WHAT TO PRODUCE
Repeat all the lines below exactly, but omit the pictures.

EXERCISE DATA
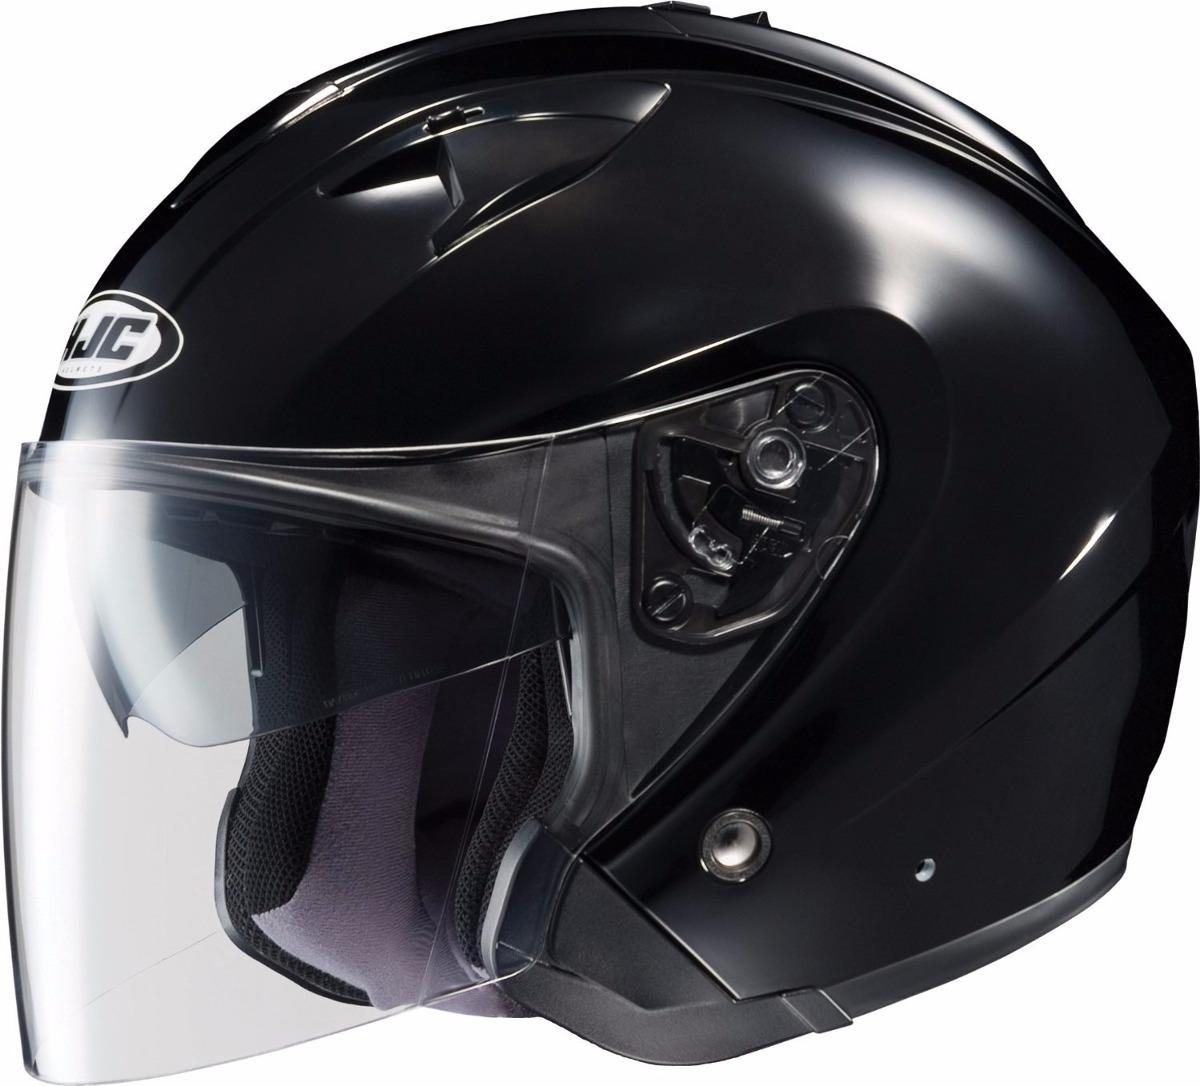 hjc helmets is 33 helmet matte black x large 6 en mercado libre. Black Bedroom Furniture Sets. Home Design Ideas
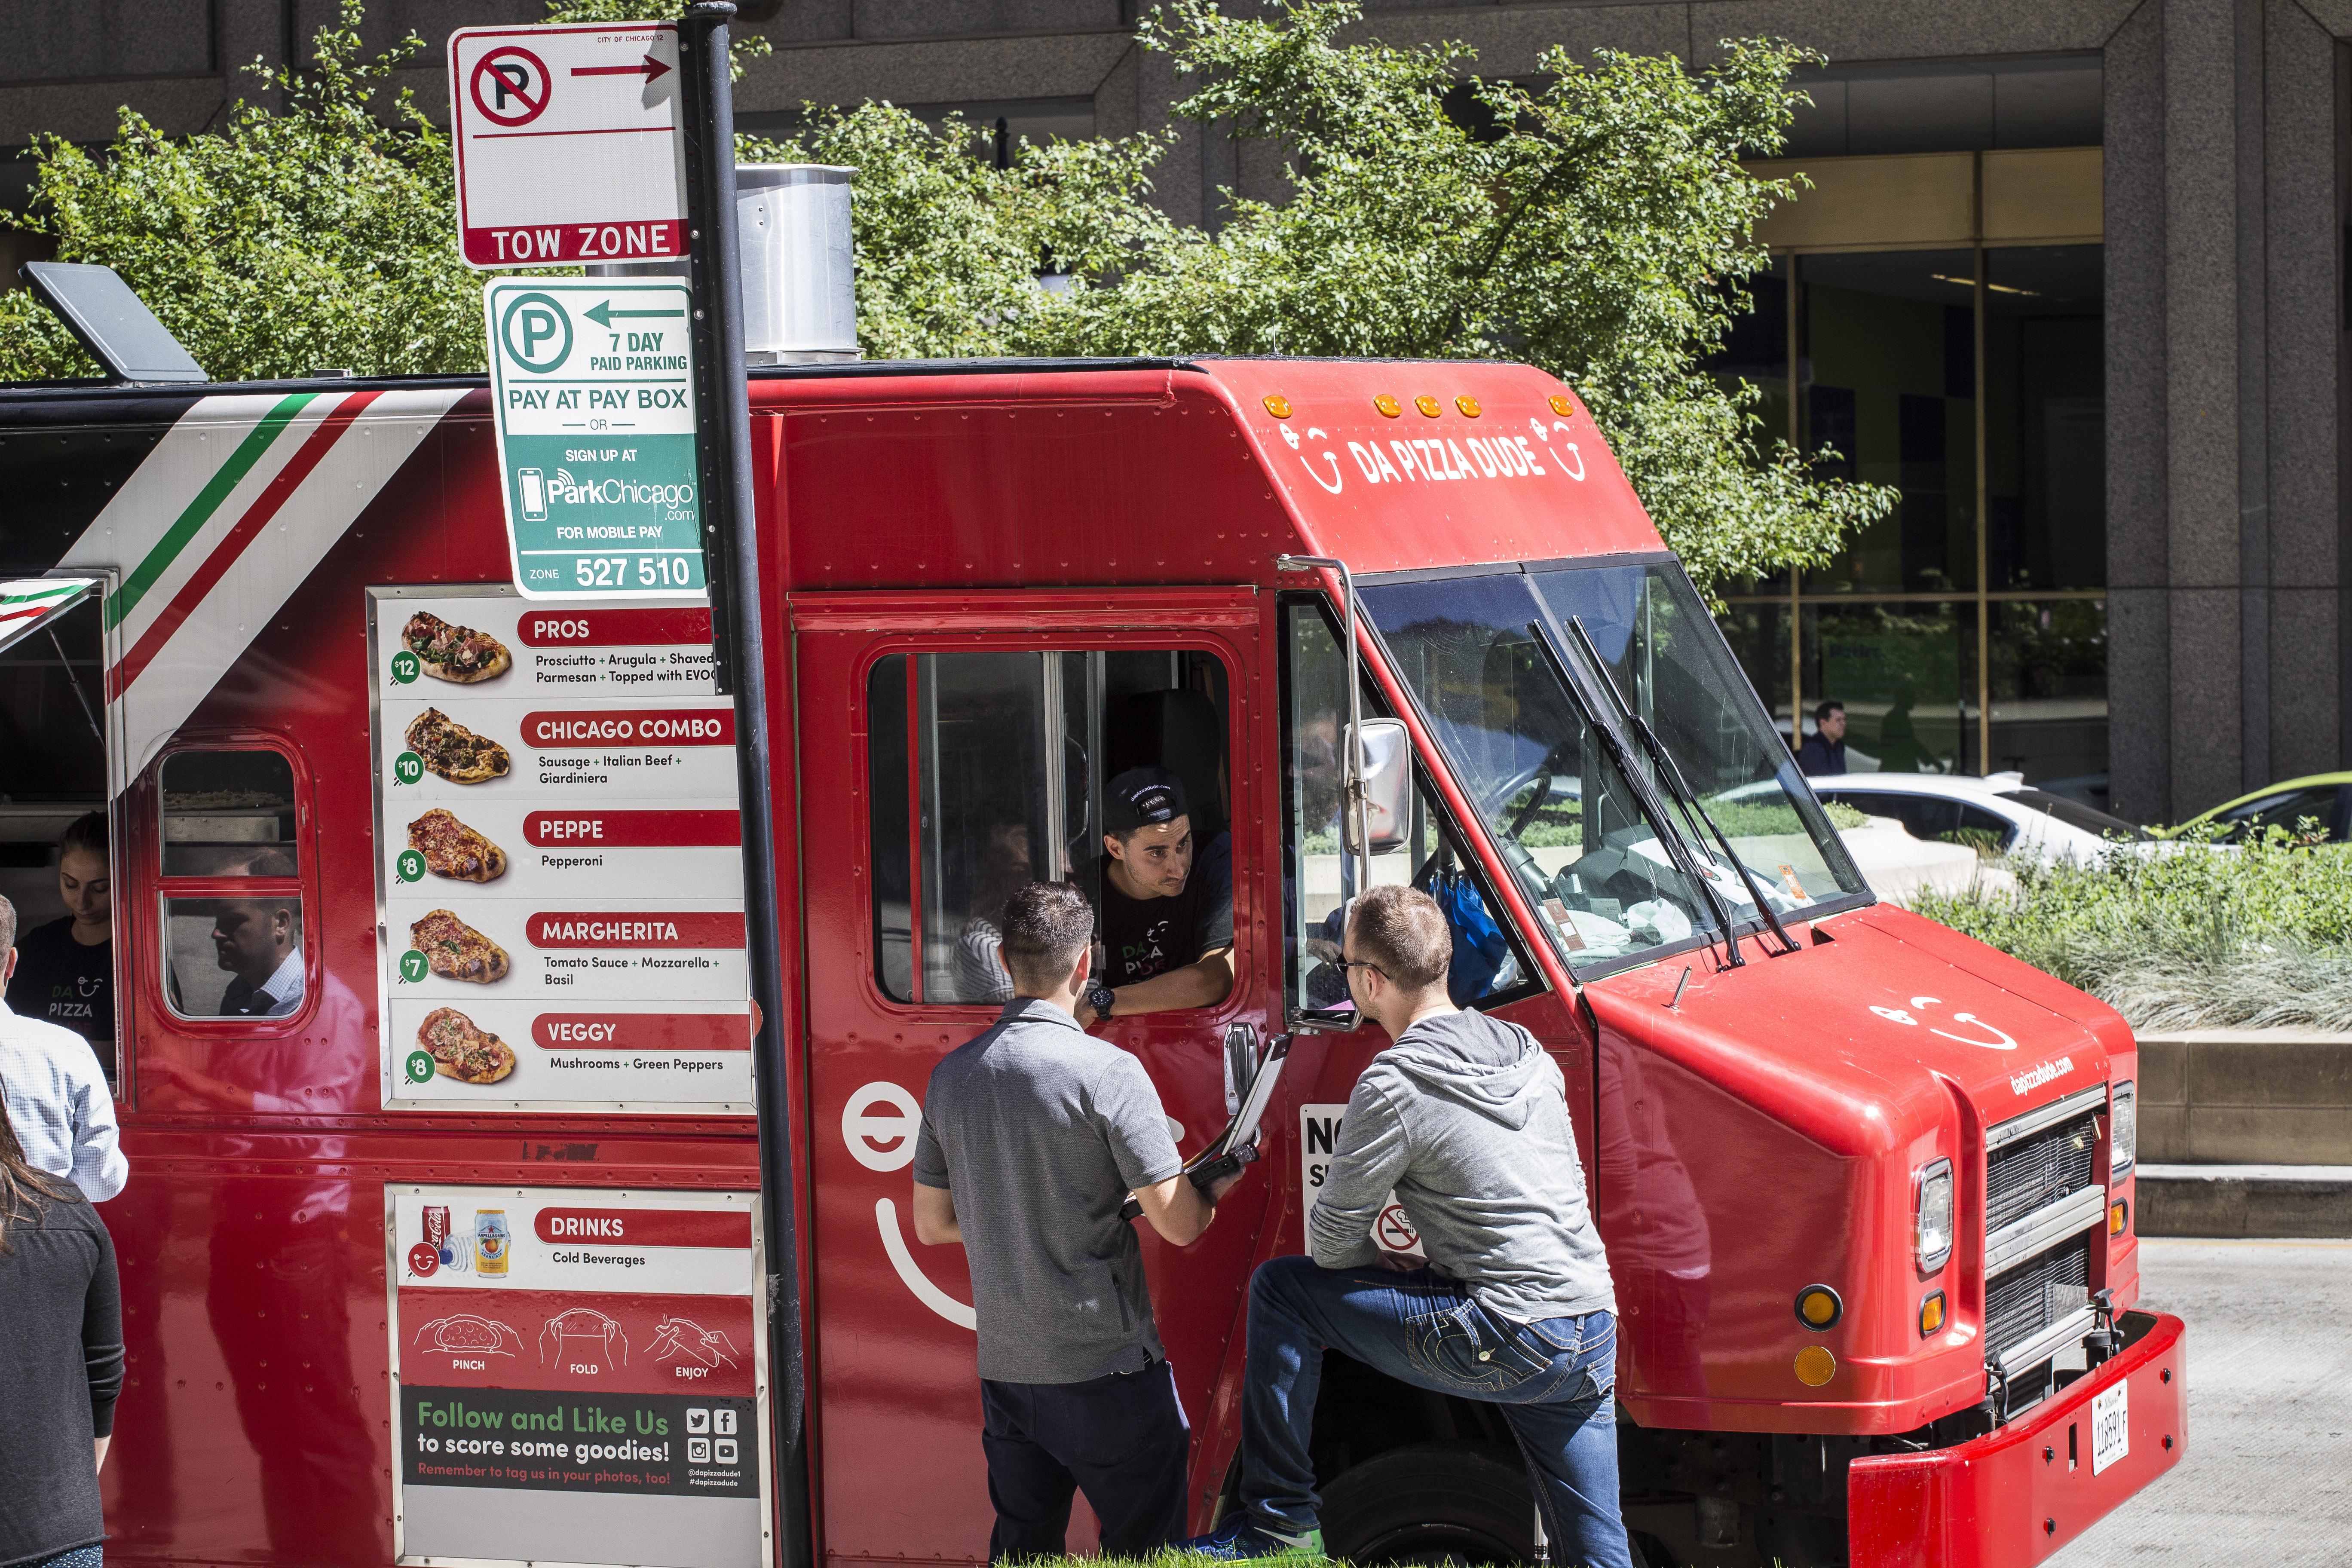 City inspectors check licenses of food trucks on Wacker Drive.
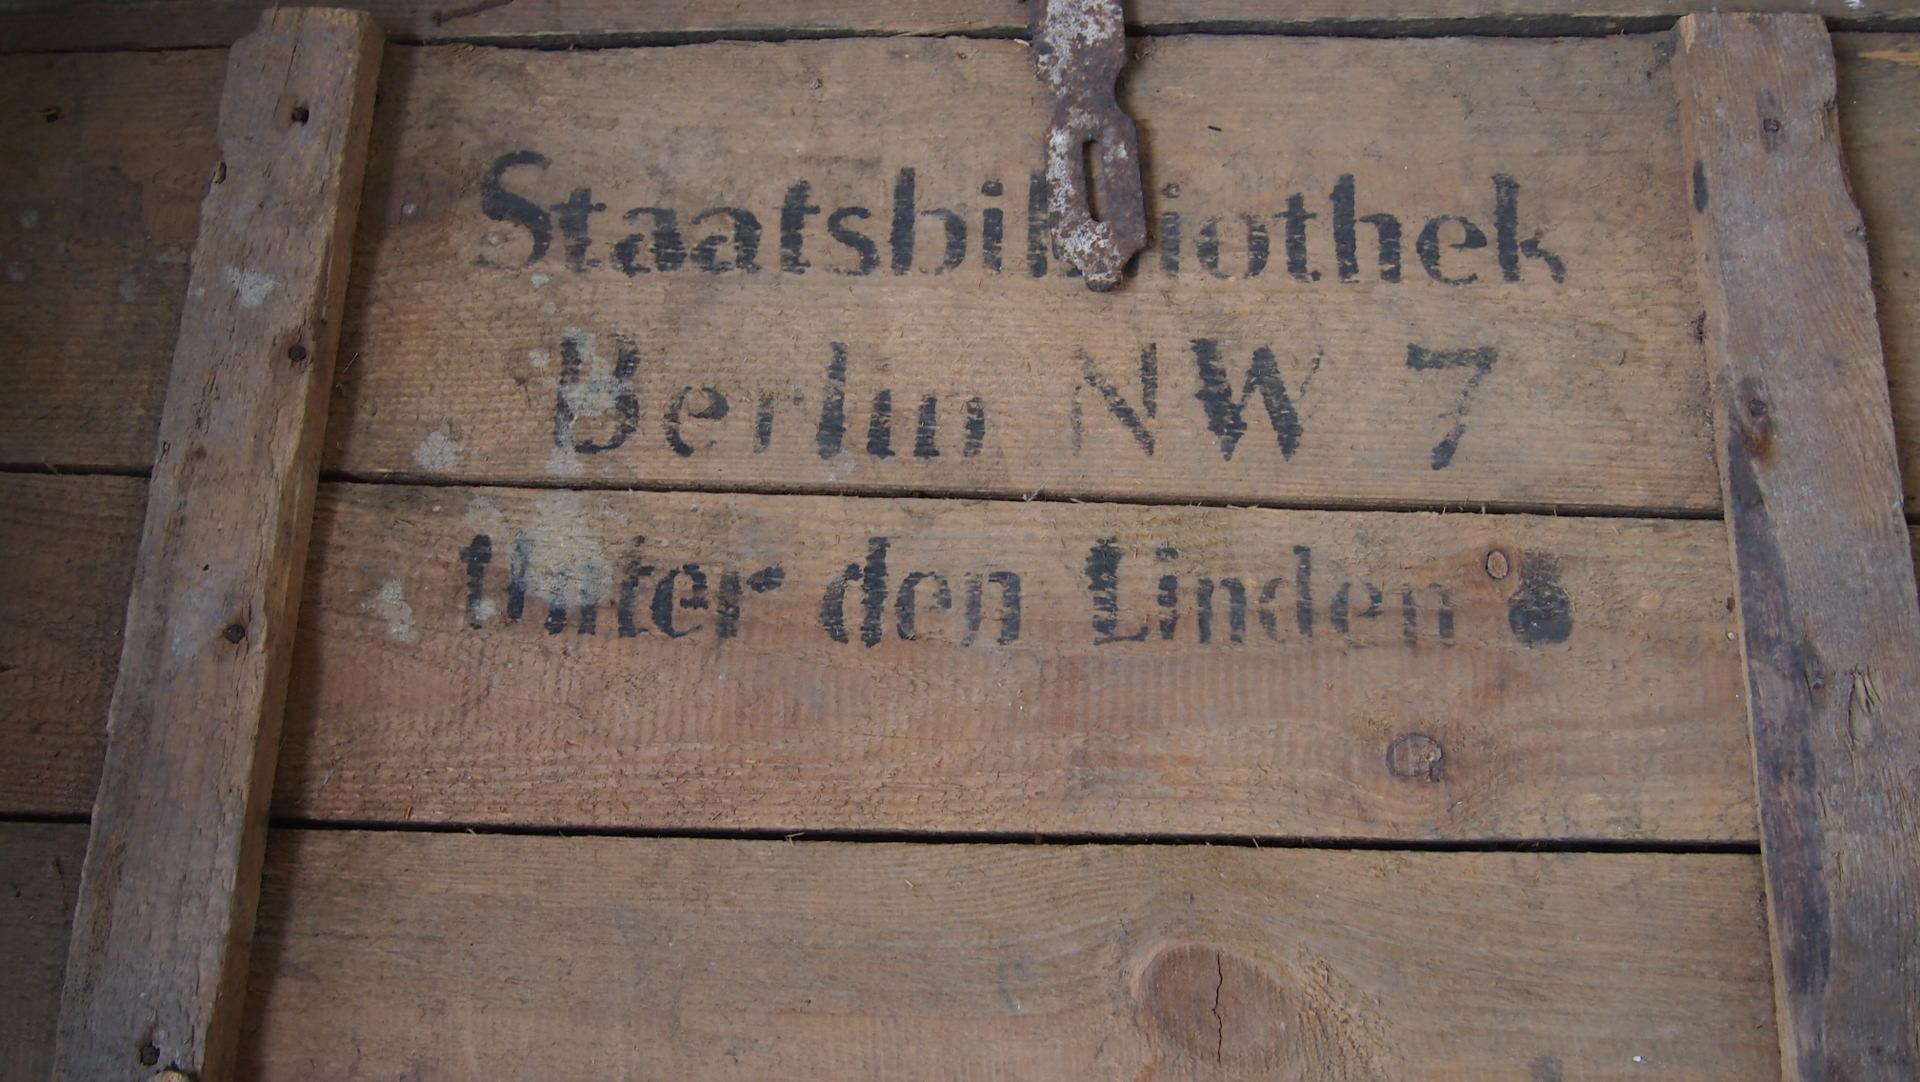 505 misteries prussian treasure in Krakow

REPLY
 hjc helmets is 33 helmet matte black x large 6 en mercado libre. Black Bedroom Furniture Sets. Home Design Ideas
 City inspectors check licenses of food trucks on Wacker Drive.
 505 misteries prussian treasure in Krakow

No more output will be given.